Enriched 15 N-N 2 O Tracing Reveals the Importance of Soil Moisture and Bulk Density for N 2 O Reduction.

During denitrification or nitrifier-denitrification the greenhouse gas nitrous oxide (N₂O) is an obligatory intermediate during the reduction of nitrate or nitrite to dinitrogen gas (N₂). Topsoil fluxes of N₂O can occur as a result of incomplete denitrification, and are strongly influenced by soil physical properties. However, quantitative insights into the relationship between N₂O reduction and soil physical properties influencing this are still limited.

Here we used artificially enriched ¹⁵N-N₂O to measure N₂O reduction in the soil profile as function of both soil bulk density and moisture content. Columns were repacked with a sieved sandy soil, using three moisture contents (60, 75 and 90% water-filled pore space; WFPS), to one of three bulk densities (1.02, 0.96 and 0.89 g cm^-3). At the bottom of the columns, a silicon sheet, (permeable to N₂O) was installed. The reservoir below the sheet simulated a subsoil from which N₂O diffused upwards. After a pre-incubation phase of 9 days, ¹⁵N-N₂O was injected into the reservoir every 12 hours and topsoil N₂O emissions were subsequently measured for 20 days.

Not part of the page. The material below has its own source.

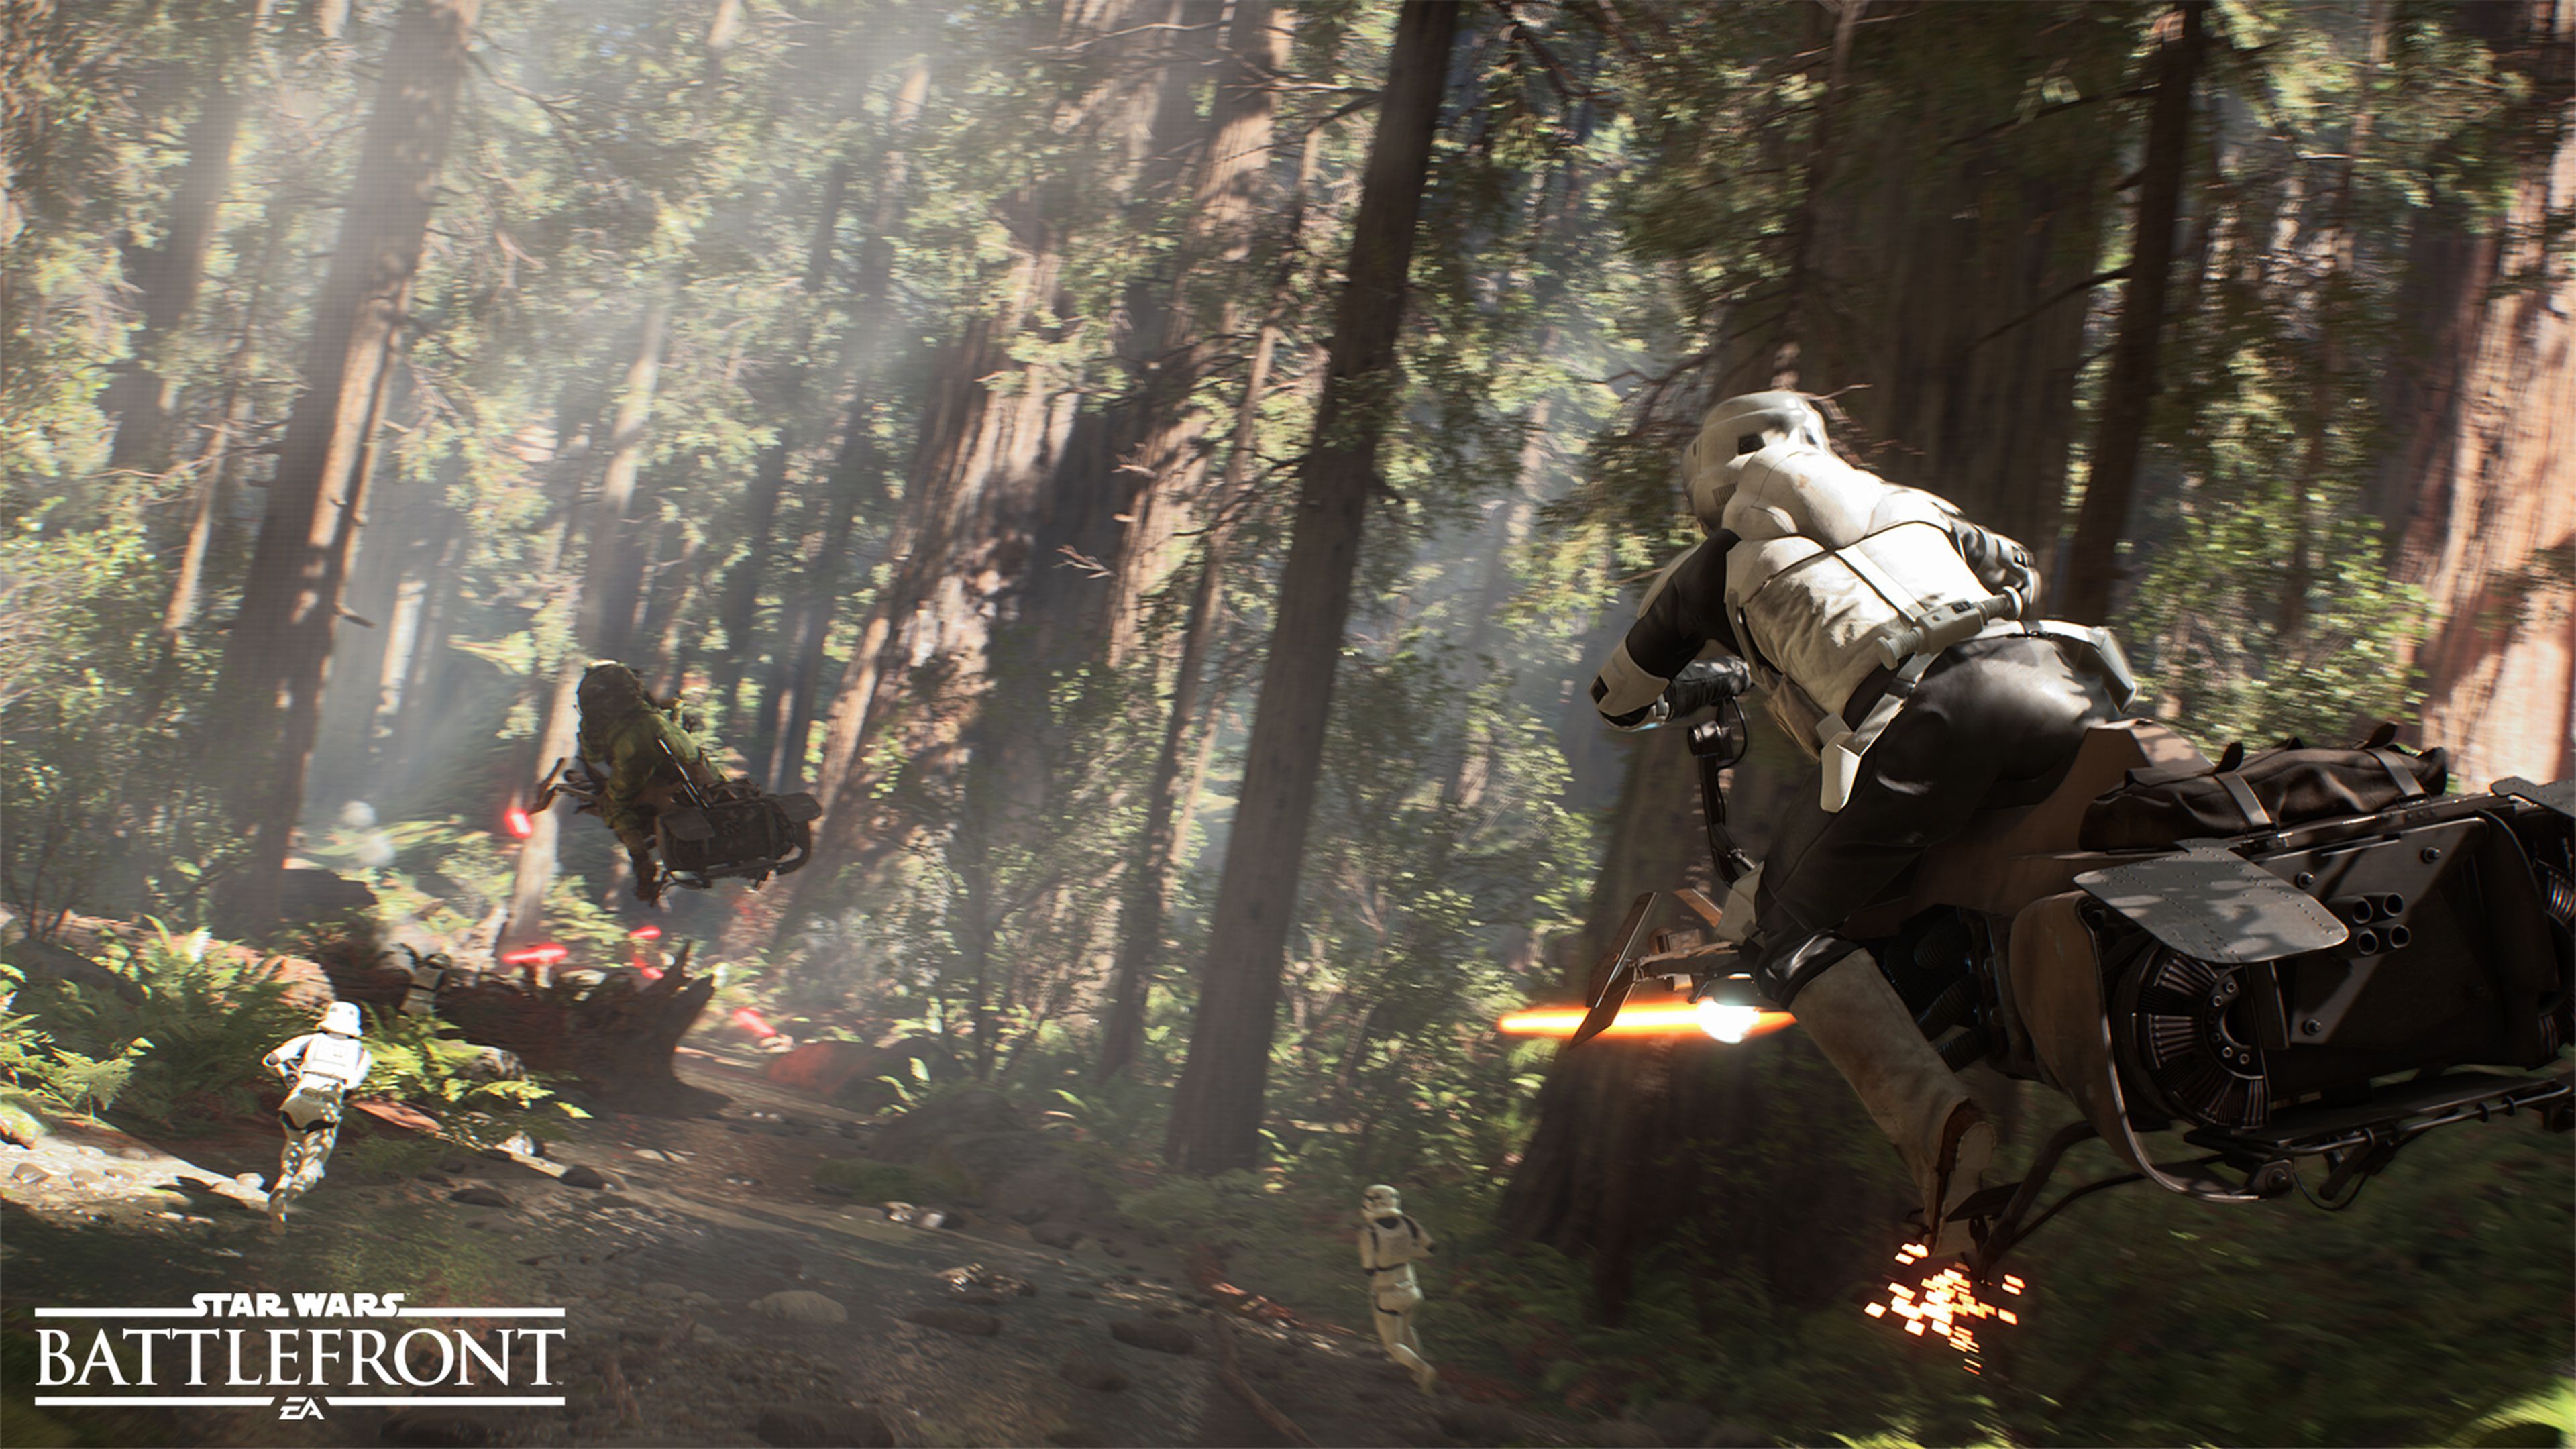 Star Wars Battlefront, acceso anticipado con EA Access en Xbox One

Preliminary results indicate that 90% WFPS resulted in low and 60% WFPS in high N₂O emission. However, the higher N₂O flux at 60% WFPS was the result of an increased diffusion rate rather than enhanced production of N₂O. At both high and low soil moisture contents, bulk density did not affect N₂O emissions. However, at 75% WFPS, higher bulk density decreased N₂O emissions by decreasing the diffusion rate and thereby increasing complete denitrification to N₂. Our results show that N₂O profile dynamics (diffusion characteristics and reduction of nitrous oxide) should be taken into account when linking soil characteristics to N₂O emissions. A wet soil can either lead to higher or lower emissions when compared to a drier soil, depending on the situation in the subsoil.